Short blog post tonight..very busy tonight prepping for a HUGE interview I have tomorrow. Very excited, and very nervous. Got off work tonight and couldn't get started on things until then, been working on prepping for this interview since then..
Relying on the strength that this life has awarded me. This is a great opportunity that could really change things for my life...possibility of tripling my income, great benefits, paid vacations..haven't had one of those in eight years! Don't get me wrong I love what I do and I love my job but I need to be at my all time best and utilize the skills and knowledge I have gained through three degrees and ten years worth of scholarly employment. Everyone says don't worry just be yourself, you got this and while I love their faith in me I can't help but be scared of failure. I havea professional standard that encompasses integrity, loyalty, respect and all dependability...all of the things most employers I hope look for in an individual...but you never can tell..

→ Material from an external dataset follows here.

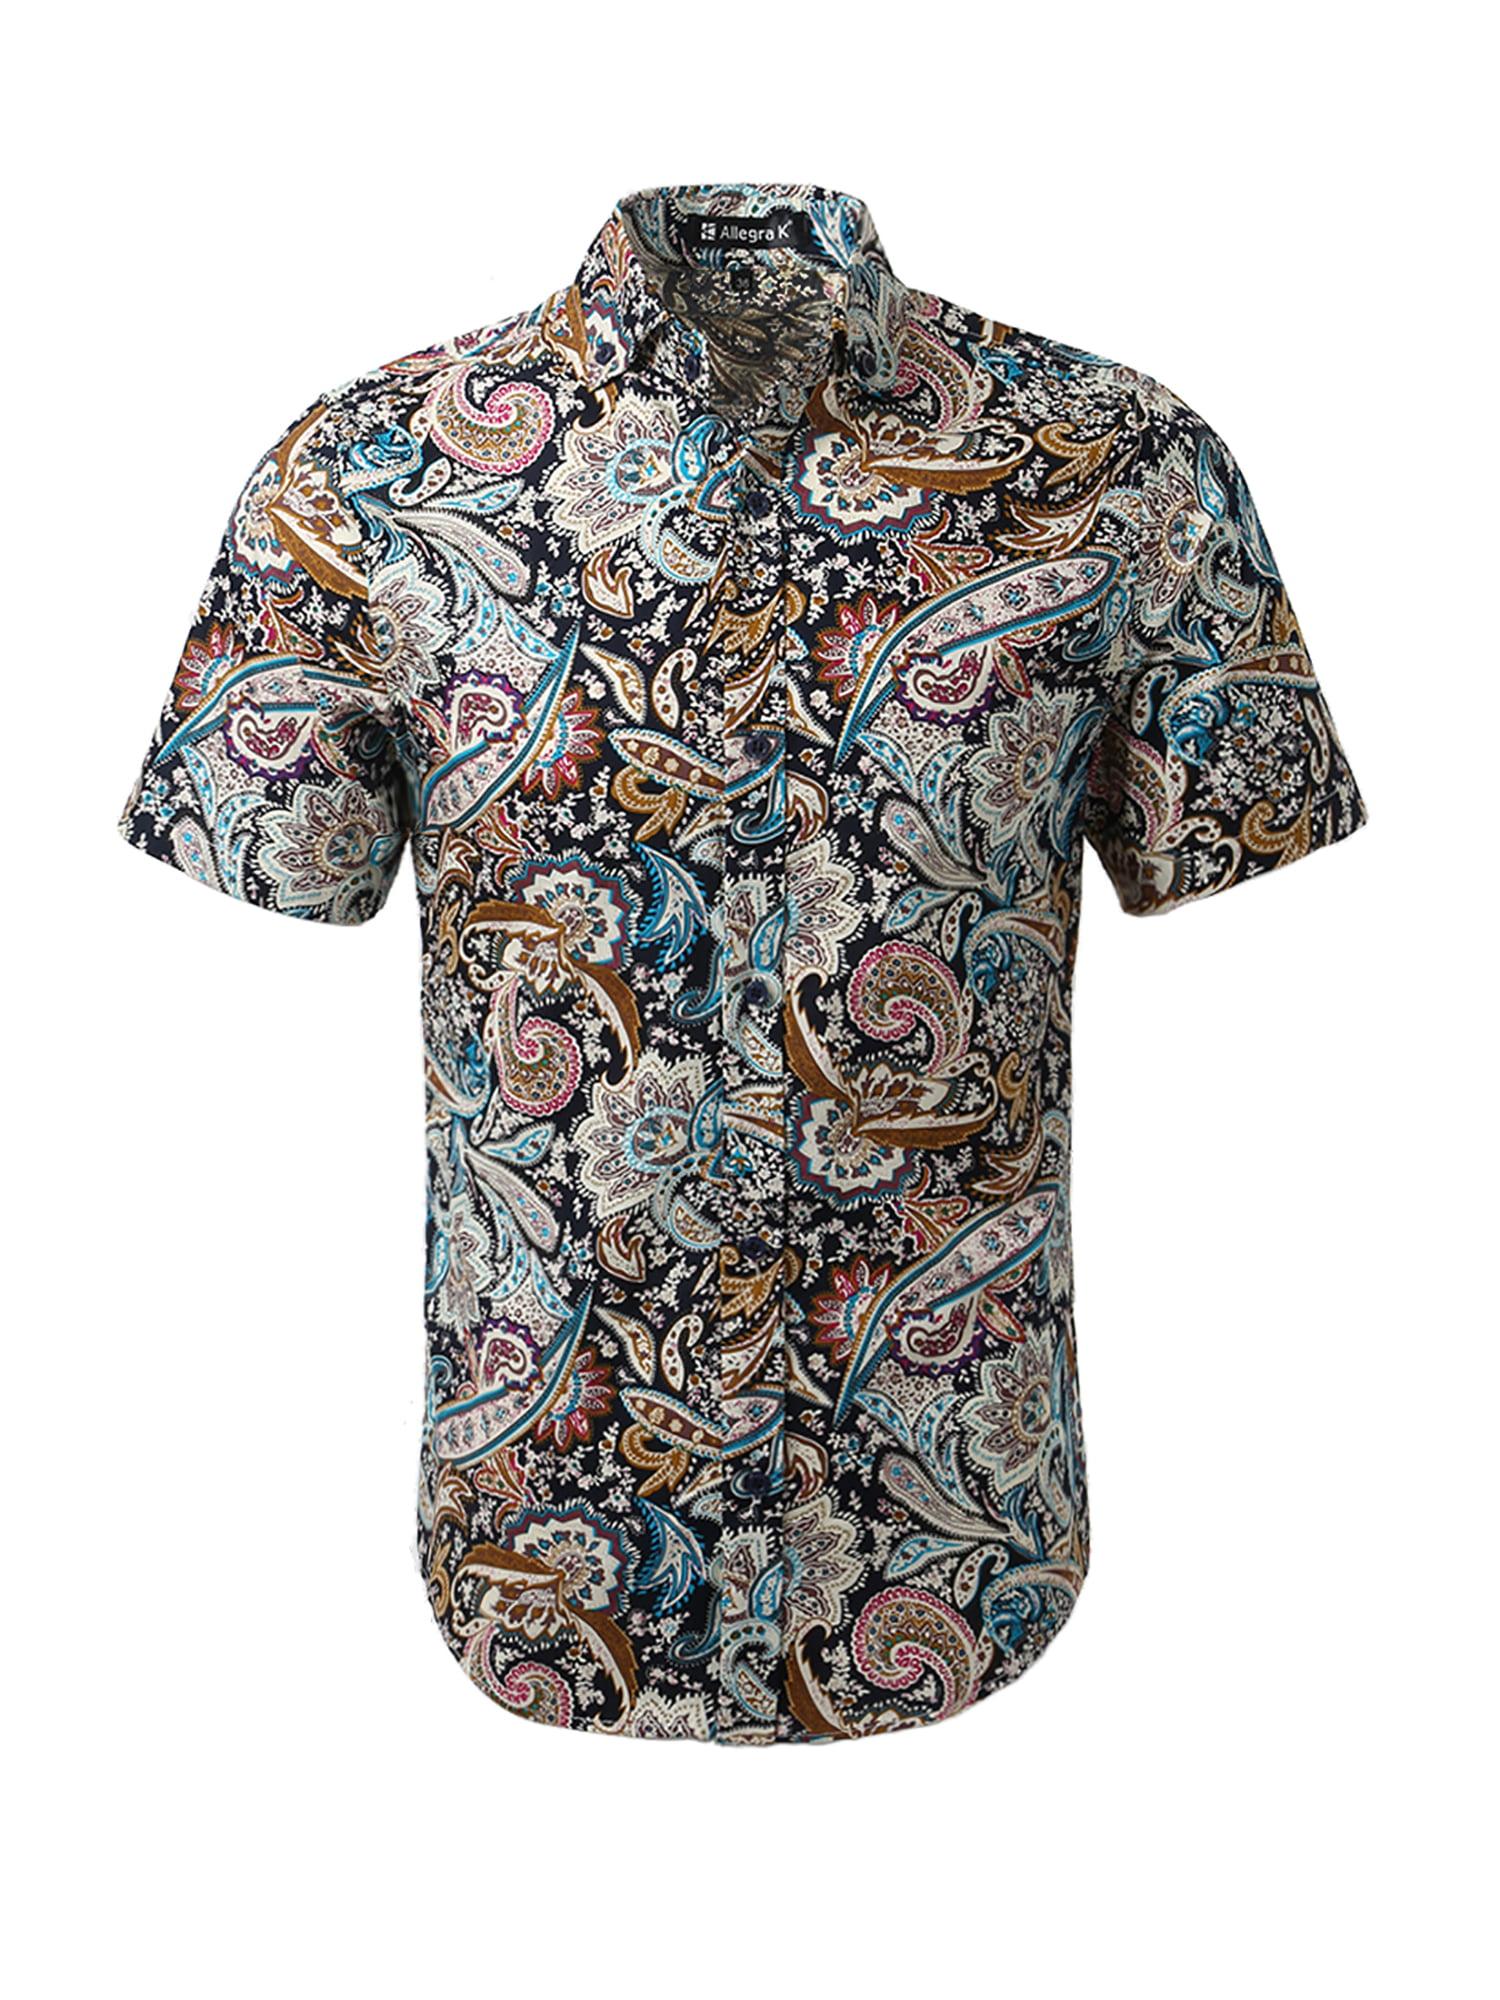 Unique Bargains Men's Summer Pineapple Short Sleeve Button Down Hawaiian Shirt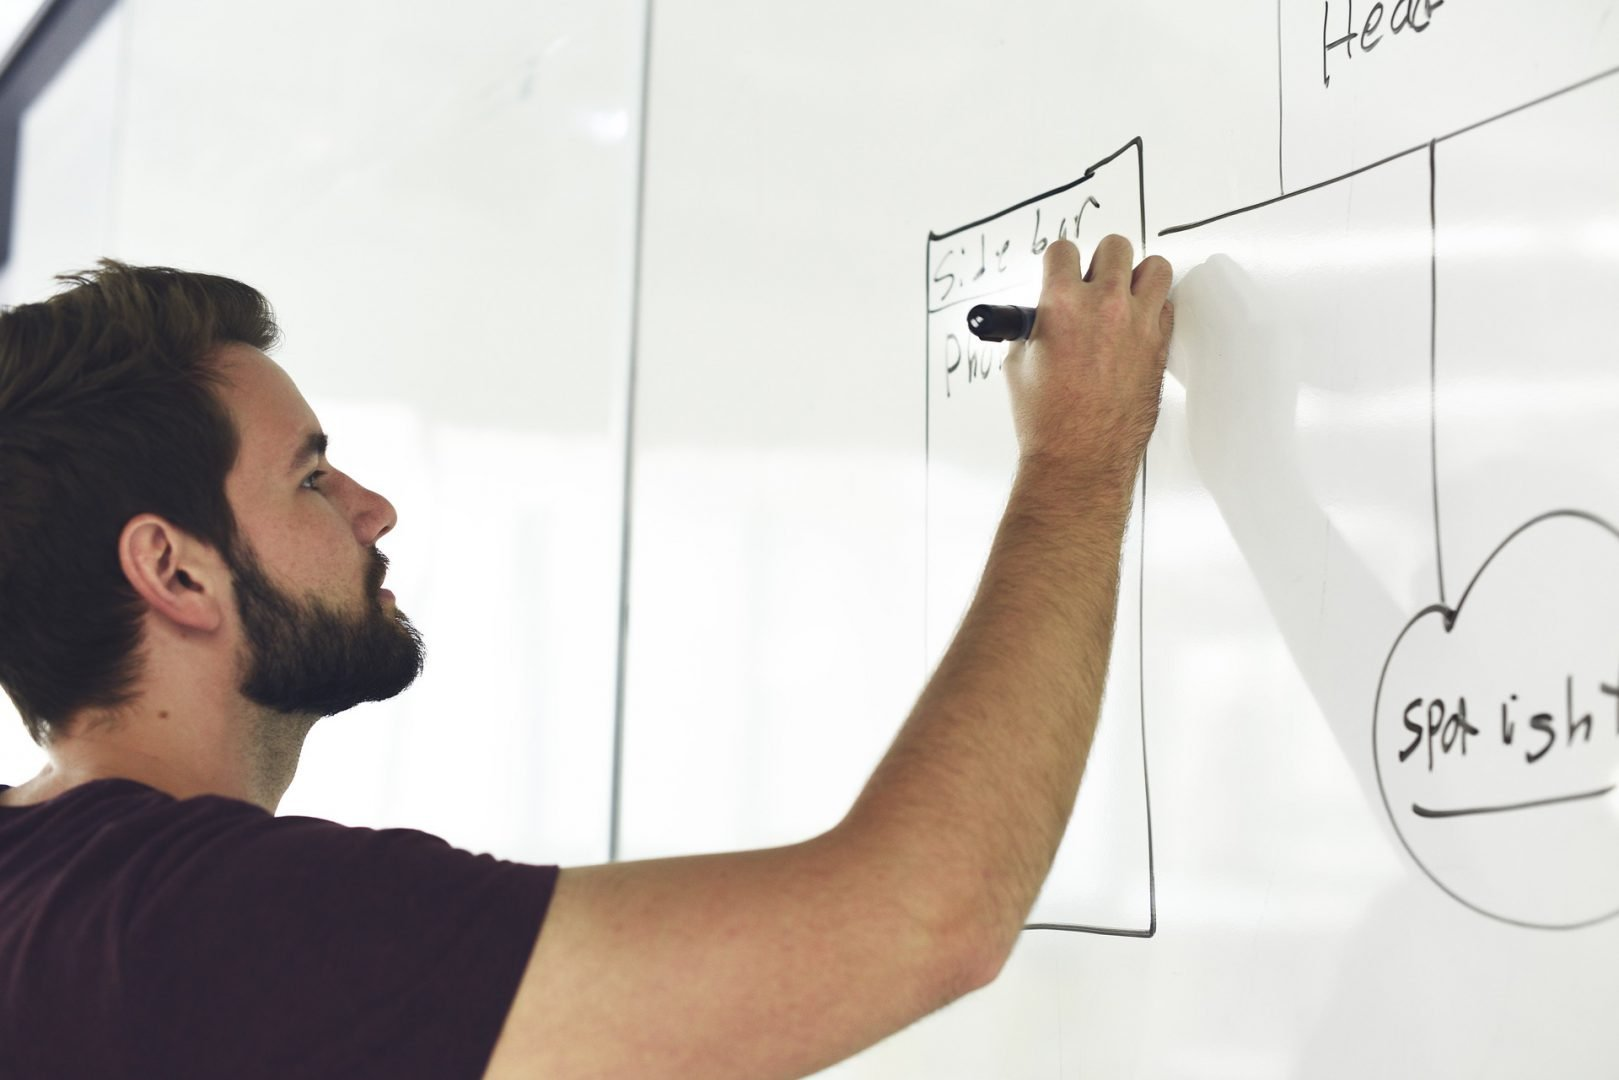 recruitment event ideas workshop

I tossed about sharing this information since I got the email asking if I would like to interview for the position because I id not want to count chickens before they hatched or have to come back and say "I didnt get the job" but that is just life these days and many people dont get the job they are dreaming of..you just keep going and working your behind off nothing in this life comes easily...for most anyways..
Not only do I need this job I want it...The position is for a Technical Author..rather not disclose the Company just yet but I believe I would be great at it..would require some training in the programs used but that doesn't scare me at all I look forward to the challenge and change and hard work has never scared me..it is natural to me.
And so...have some more things to do tonight before bed but wanted to come by and think out loud...even if no one out there is listening ...
Tonight I rest my head with prayers for better days..for good things to come..for a chance to shine...
I will lay it at that point in God's hands ..he knows what is best for my life..I will give it my all and see where the chips fall. Wish me luck...even if just silent!